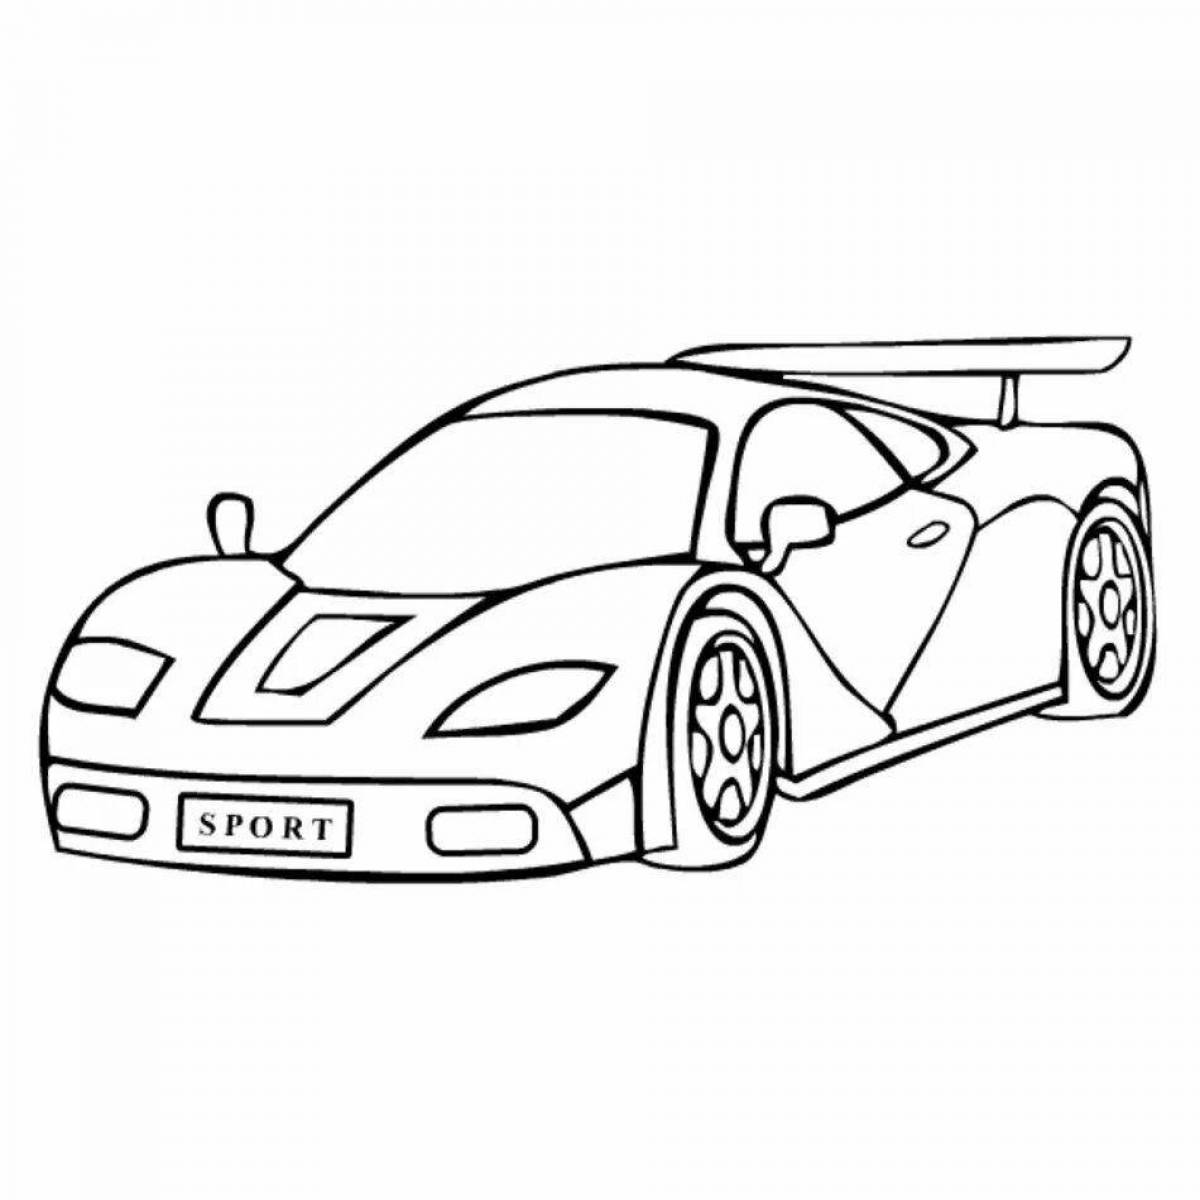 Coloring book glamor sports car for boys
...
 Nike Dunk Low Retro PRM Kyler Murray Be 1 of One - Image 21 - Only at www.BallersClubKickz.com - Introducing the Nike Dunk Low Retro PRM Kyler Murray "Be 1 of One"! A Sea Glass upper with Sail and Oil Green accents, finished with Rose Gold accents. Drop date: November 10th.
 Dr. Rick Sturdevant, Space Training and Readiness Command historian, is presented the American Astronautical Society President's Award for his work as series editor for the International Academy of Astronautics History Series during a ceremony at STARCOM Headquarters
==
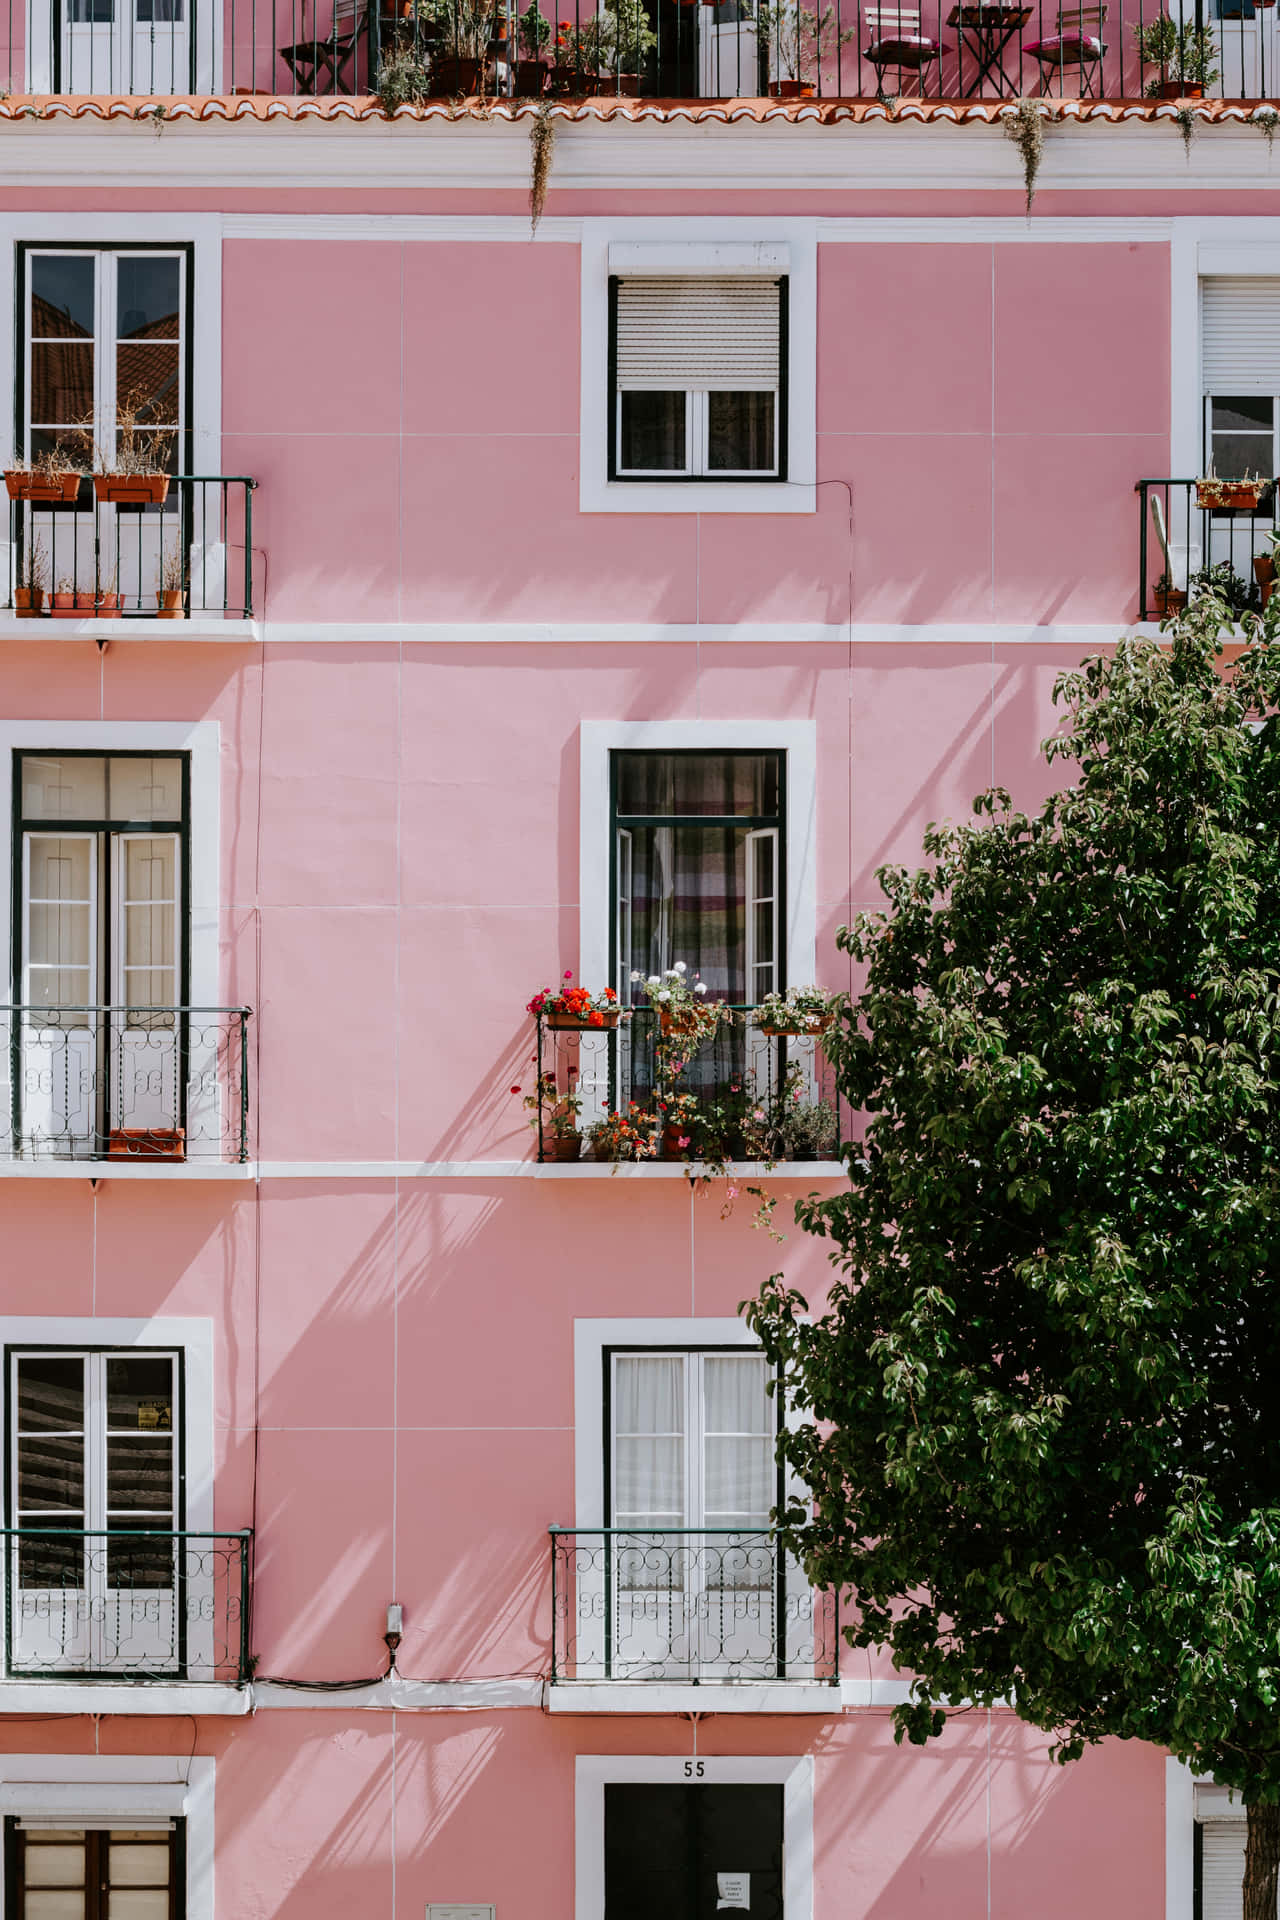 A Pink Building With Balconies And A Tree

• Exercise: All that belongs in your answer is the stretch of entries above from the line with "Nike Dunk Low Retro PRM Kyler Murray Be" through the line with "Dr. Rick Sturdevant, Space", printed exactly.

• Written answer:
 Nike Dunk Low Retro PRM Kyler Murray Be 1 of One - Image 21 - Only at www.BallersClubKickz.com - Introducing the Nike Dunk Low Retro PRM Kyler Murray "Be 1 of One"! A Sea Glass upper with Sail and Oil Green accents, finished with Rose Gold accents. Drop date: November 10th.
 Dr. Rick Sturdevant, Space Training and Readiness Command historian, is presented the American Astronautical Society President's Award for his work as series editor for the International Academy of Astronautics History Series during a ceremony at STARCOM Headquarters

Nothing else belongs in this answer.